The diversity of the structures recently observed in protoplanetary discs (PPDs) with the new generation of high-resolution instruments have made more acute the challenging questions that planet-formation models must answer. The challenge is in the theoretical side but also in the numerical one with the need to significantly improve the performances of the codes and to stretch the limit of PPD simulations. Multi-physics, fast, accurate, high-resolution, modular, and reliable 3D codes are needed to explore the mechanisms at work in PPDs and to try explaining the observed features. We present RoSSBi3D the 3D extension of the 2D code Rotating-System Simulations for Bi-fluids (RoSSBi) which was specifically developed to study the evolution of PPDs. This is a new code, even if based on the 2D version, that we describe in detail explaining its architecture and specificity but also its performances against test cases and a PPD benchmark. We also explain the way to use it and to manage the produced data. This FORTRAN code solves the fully compressible inviscid continuity, Euler, and energy conservation equations for an ideal gas in non-homentropic conditions and for pressureless particles in a fluid approximation. It is a finite volume code which is second order in time and accounts for discontinuities thanks to an exact Riemann solver. The spatial scheme accounts for the equilibrium solution and is improved thanks to parabolic interpolation which permits to reach third order in space. The code is developed in 3D and structured for high-performance parallelism. The optimised version of the code work on high performance computers with a very good scalability.
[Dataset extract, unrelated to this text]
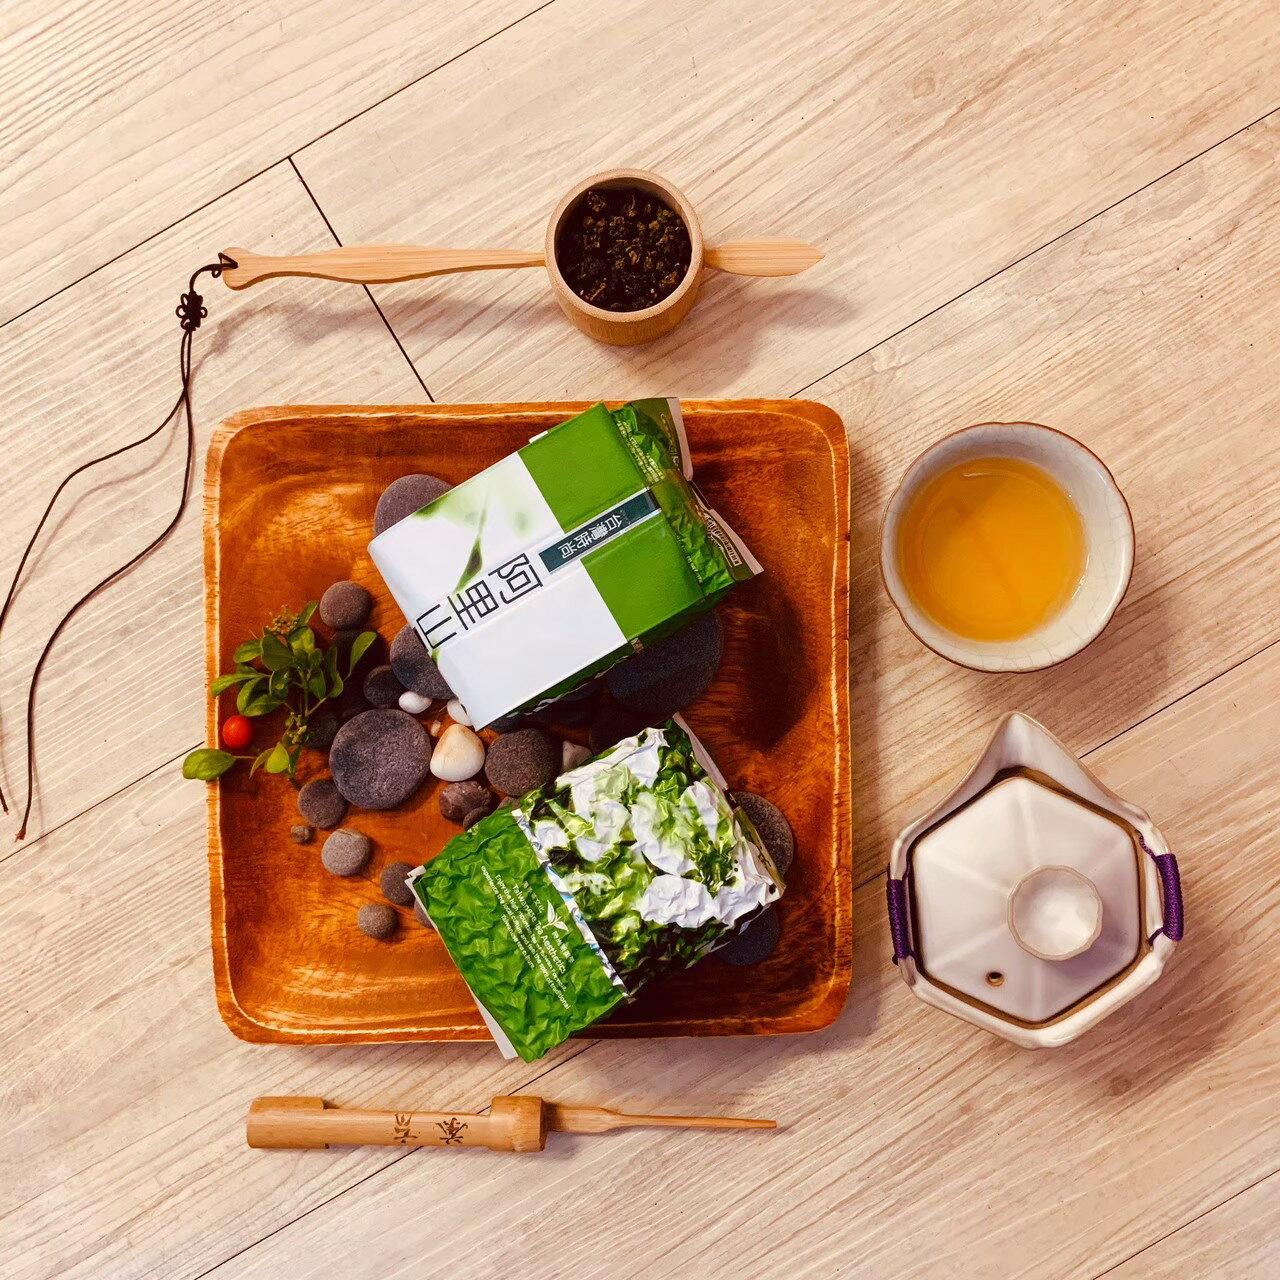 【太平製茶】醇厚阿里山烏龍茶 重量:150g
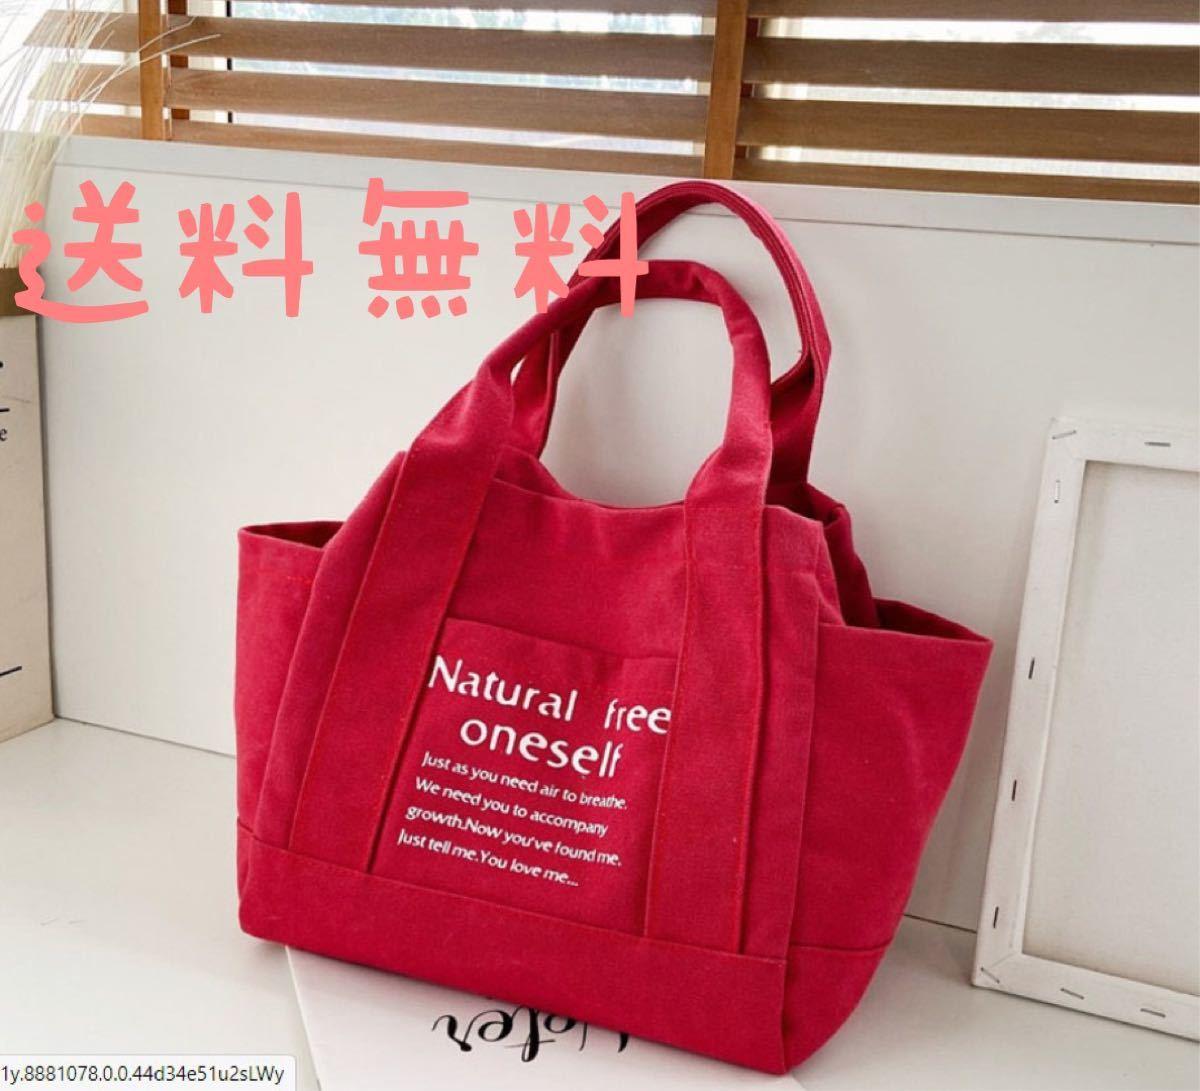 マザーズバッグ トートバッグ エコバッグ ベジータバッグ キャンパスバッグ おしゃれ 人気 便利 使いやすい

Its reliability has been checked against classical tests and a benchmark specific to PPDs that includes Rossby wave instability (RWI), streaming instability (SI), dust capture by a vortex and dust settling.

Preprint

Subjects: Astrophysics - Earth and Planetary Astrophysics; Astrophysics - Instrumentation and Methods for Astrophysics; Physics - Computational Physics

URL: https://arxiv.org/abs/2207.04252